Ransomware no more

A tool for decrypting the PyLocky ransomware has been released to the public by French authorities.

In a statement published last week, the French Interior Ministry said that its decryption utility would help retrieve data for victims of version 1 and 2 of PyLocky – a malware strain posing as the infamous Locky ransomware.

“This program is made available for free ‘as it is’, without any technical support nor explicit or implicit warranty,” the statement, published on June 11, reads.

“Its authors can’t be held in any way responsible of any damage that might be caused by the use of the tool.

“Other versions of PyLocky might have been created, regarding which this program may be ineffective.”

PyLocky is ransomware written in Python that is typically delivered through spam emails, having predominately targeted French and European businesses since July and August of last year.

First discovered by researchers at Trend Micro, the ransomware lures its victims into clicking a malicious URL, which then delivers the malicious software onto a victim’s machine, making files inaccessible.

“This software allows for the decryption of the encrypted files with versions 1 (encrypted files with the extension .lockedfile or .lockymap) and version 2 (encrypted files with the extension .locky) of PyLocky,” the Interior Ministry said.

“It requires a computer running the operating system Microsoft Windows 7 or higher and the execution environment Java JRE (Java Runtime Environment) version 8.”
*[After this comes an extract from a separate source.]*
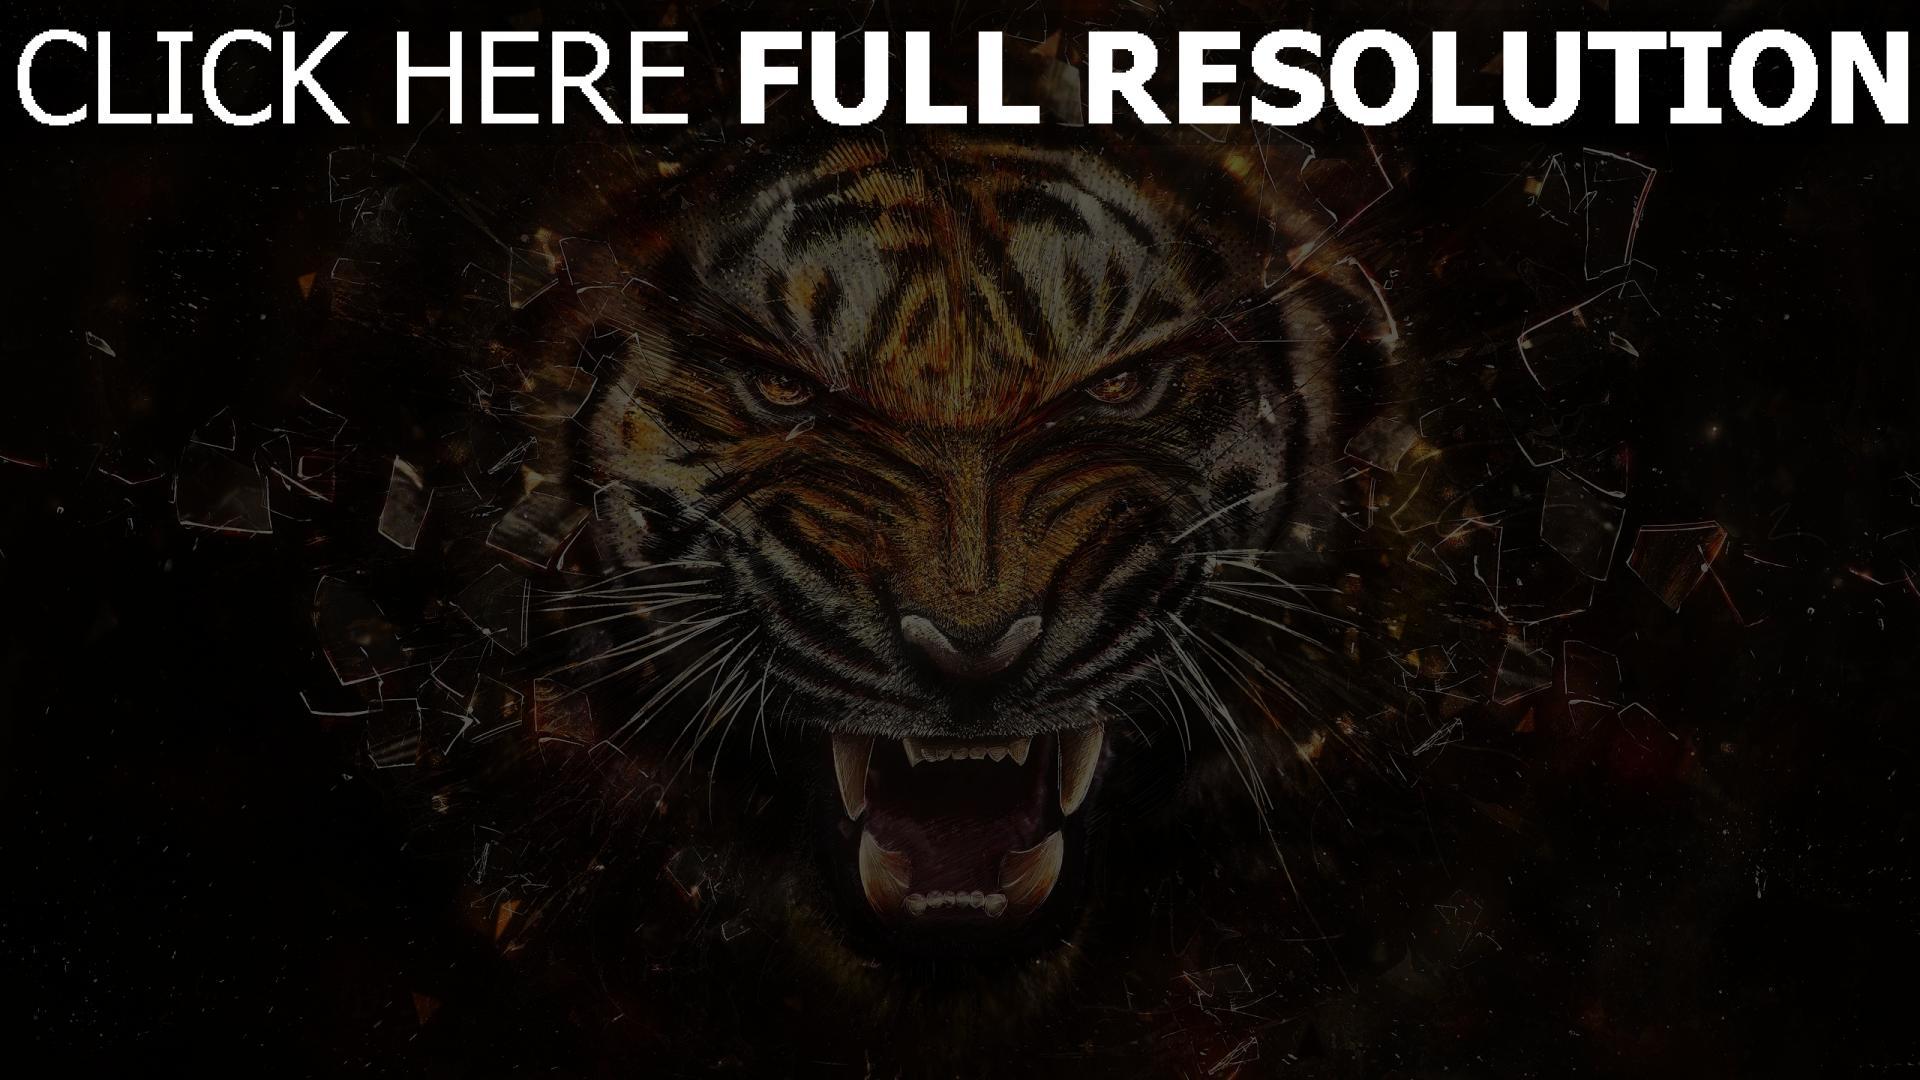 hd hintergrundbilder tiger scherben zähne dunkle 1920x1080
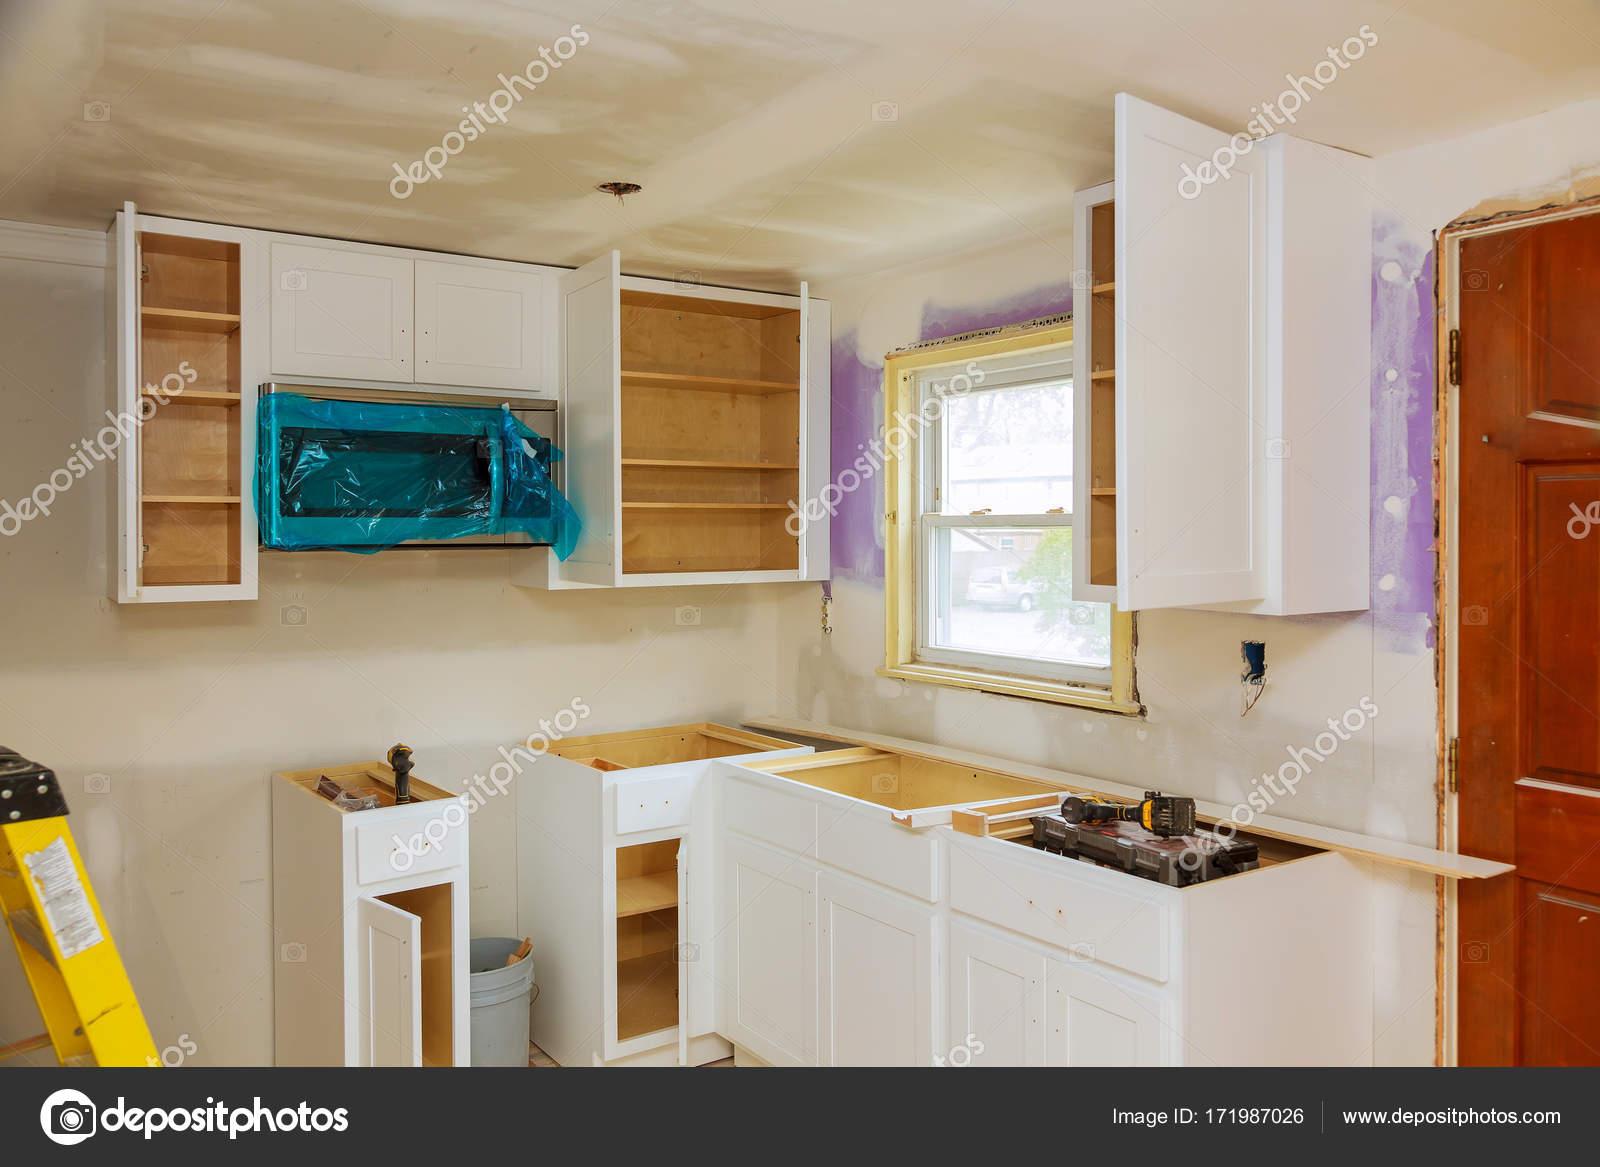 Fantastisch Benutzerdefinierte Küchenschränke Bilder Fotos - Küchen ...

Other free tools for decrypting PyLocky have been released before, including one from Mike Bautista, security researcher at Cisco Talos Intelligence Group.

Ransomware made a bit of a come back at the start of 2019, with cybersecurity firm Malwarebytes reporting how criminals were starting to deploy the malware in pre-packaged cybercrime exploit kits.

According to French authorities, PyLocky remains active across the country.

The PyLocky decryption tool was published in collaboration with the Brigade d’enquêtes sur les fraudes aux technologies de l’information (BEFTI), the Direction régionale de la police judiciaire de Paris, and the Gendarmerie Nationale.

Following the release of the PyLocky decryptor, Europol today released a tool for recovering data held hostage by the latest version of GandCrab ransomware

The tool was initially launched in January 2018 and was said to have recovered the information of more than 100 victims within an hour of its launched.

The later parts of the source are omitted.